To provide an example of the curation process using semi-structured data, we will work with the Europarl corpus of native, non-native and translated texts (ENNTT) corpus (Nisioi, Rabinovich, Dinu, & Wintner, 2016). The ENNTT corpus contains native and translated English drawn from European Parliament proceedings. Let’s look at the directory structure for the ENNTT corpus in Snippet 6.5.

Snippet 6.5 Data directory structure for the ENNTT corpus

data/
├── analysis/
├── derived/
└── original/
    ├── enntt_do.csv
    └── enntt/
        ├── natives.dat
        ├── natives.tok
        ├── nonnatives.dat
        ├── nonnatives.tok
        ├── translations.dat
        └── translations.tok

We now inspect the data origin file for the ENNTT corpus, enntt_do.csv, in Table 6.4.
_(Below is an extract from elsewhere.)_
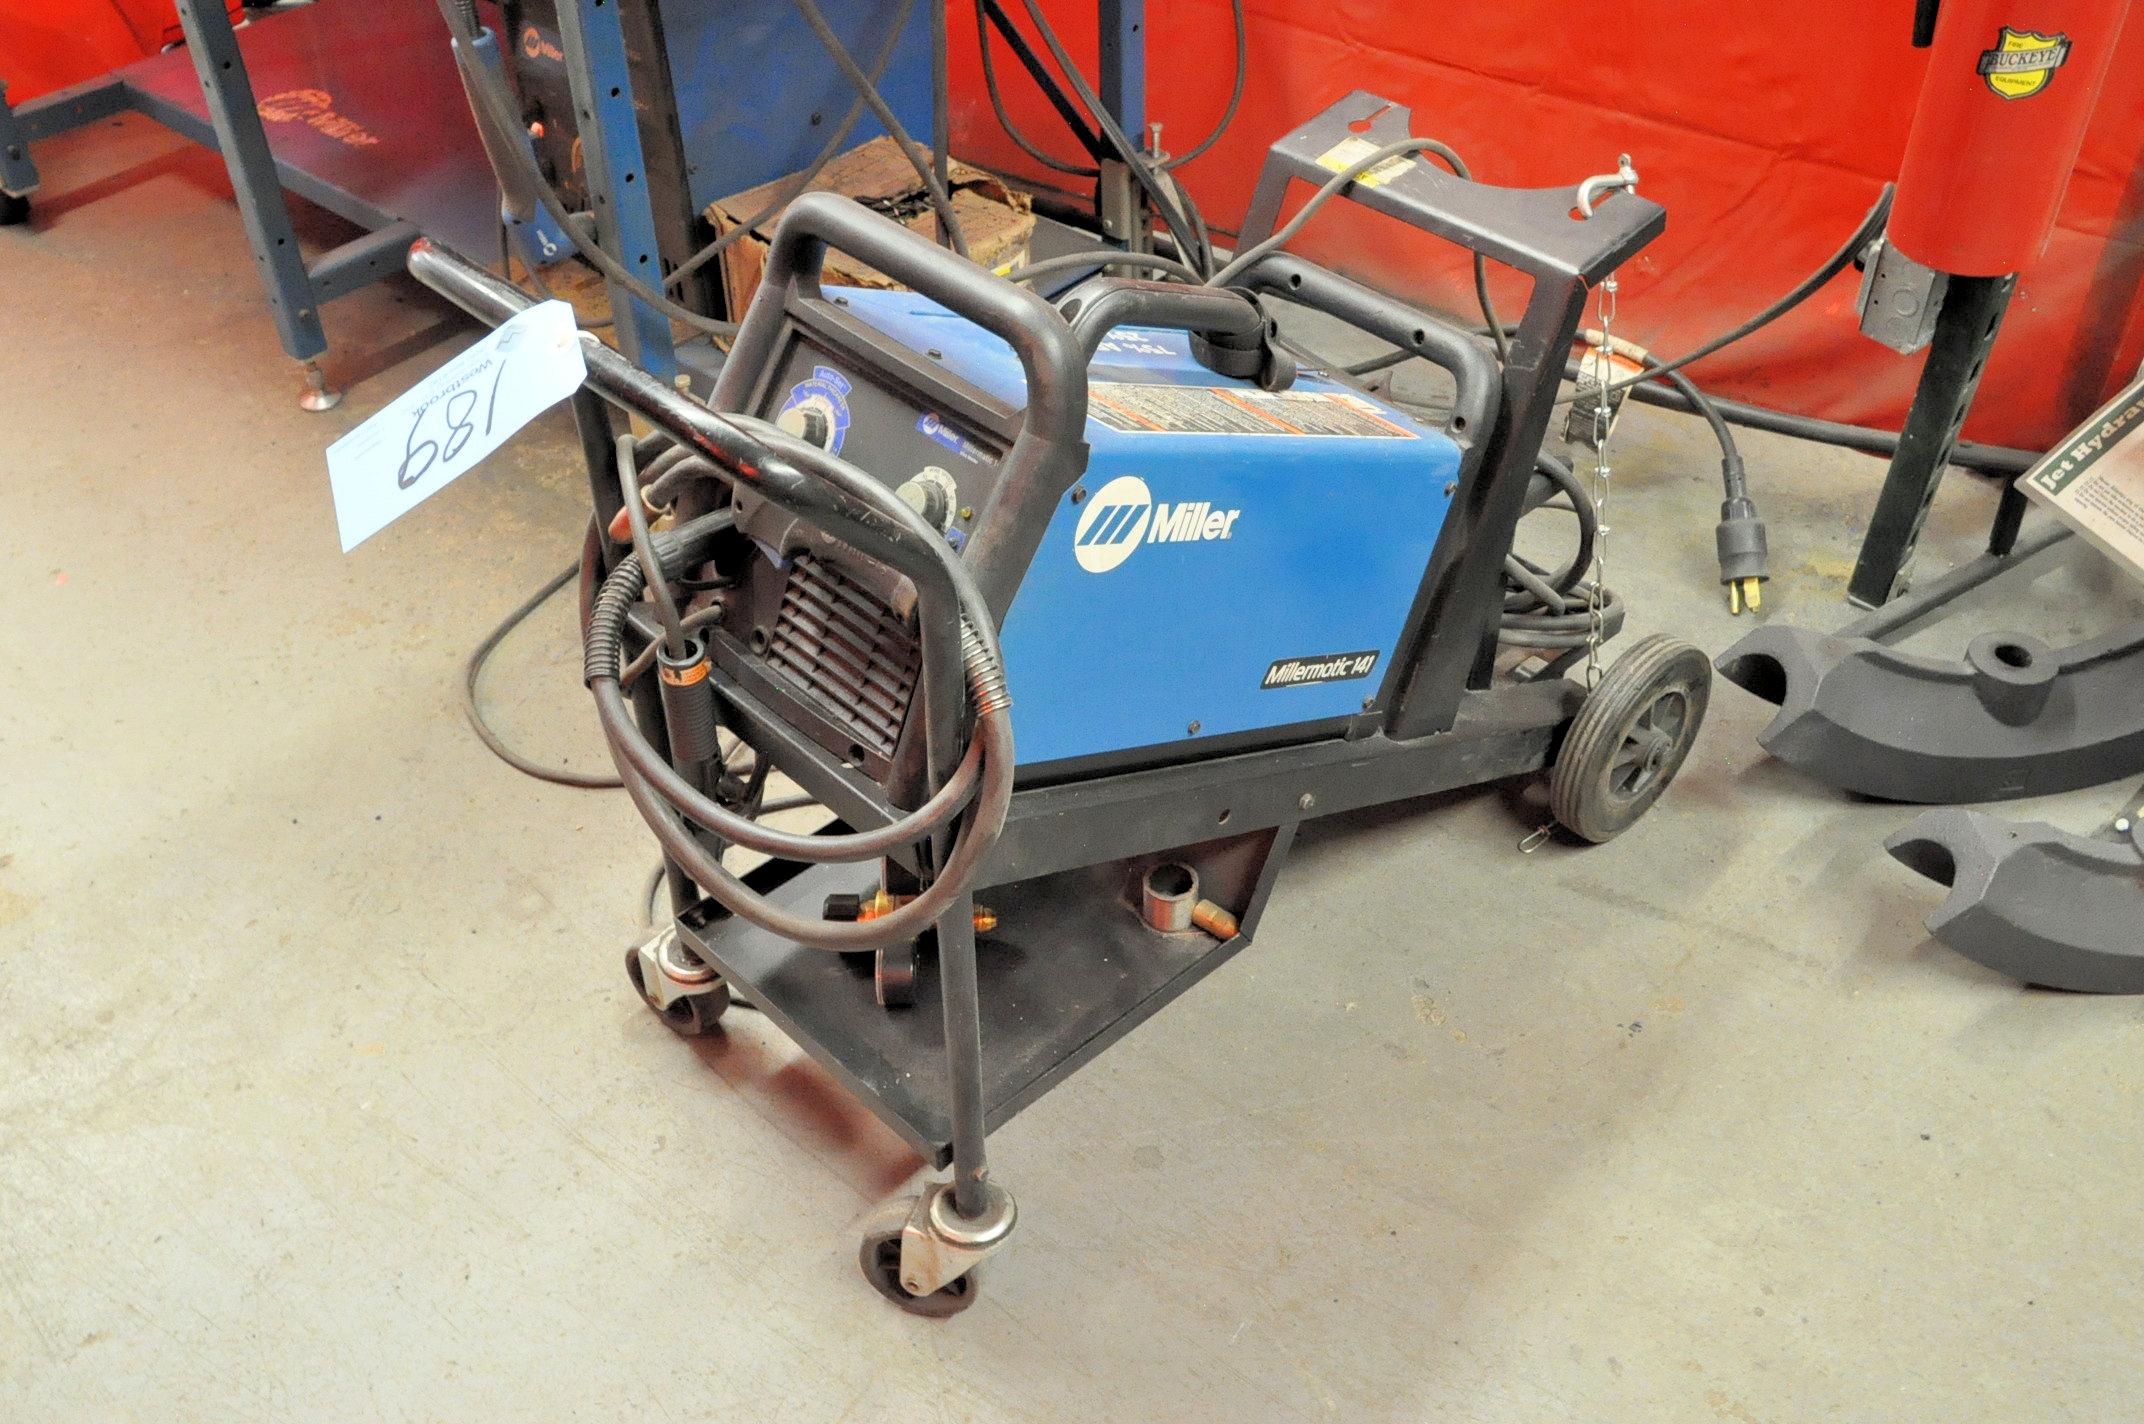 Miller Millermatic 141, 90-Amp Capacity Wire Feed Mig Welder,

Table 6.4: Data origin: ENNTT Corpus

attribute	description
Resource name	Europarl corpus of Native, Non-native and Translated Texts — ENNTT
Data source	https://github.com/senisioi/enntt-release
Data sampling frame	English, European Parliament texts, transcribed discourse, political genre
Data collection date(s)	Not specified in the repository
Data format	.tok, .dat
Data schema	.tok files contain the actual text; .dat files contain the annotations corresponding to each line in the .tok files.
License	Not specified. Contact the authors for more information.
Attribution	Nisioi, S., Rabinovich, E., Dinu, L. P., & Wintner, S. (2016). A corpus of native, non-native and translated texts. Proceedings of the Tenth International Conference on Language Resources and Evaluation (LREC 2016).

According to the data origin file, there are two important file types, .dat and .tok. The .dat files contain annotations and the .tok files contain the actual text. Let’s inspect the first couple of lines in the .dat file for the native speakers, nonnatives.dat, in Snippet 6.6.
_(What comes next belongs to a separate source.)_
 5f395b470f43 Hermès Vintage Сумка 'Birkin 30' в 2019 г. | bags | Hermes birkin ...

Snippet 6.6 Example .dat file for the non-native speakers

<LINE STATE="Poland" MEPID="96779" LANGUAGE="EN" NAME="Danuta Hübner," SEQ_SPEAKER_ID="184" SESSION_ID="ep-05-11-17"/>
<LINE STATE="Poland" MEPID="96779" LANGUAGE="EN" NAME="Danuta Hübner," SEQ_SPEAKER_ID="184" SESSION_ID="ep-05-11-17"/>

We see that the .dat file contains annotations for various session and speaker attributes. The format of the annotations is XML-like. XML is a form of markup language, such as YAML, JSON, etc. Markup languages are used to annotate text with additional information about the structure, meaning, and/ or presentation of text. In XML, structure is built up by nesting of nodes. The nodes are named with tags, which are enclosed in angle brackets, < and >. Nodes are opened with <TAG> and closed with </TAG>. In Snippet 6.7 we see an example of a simple XML file structure.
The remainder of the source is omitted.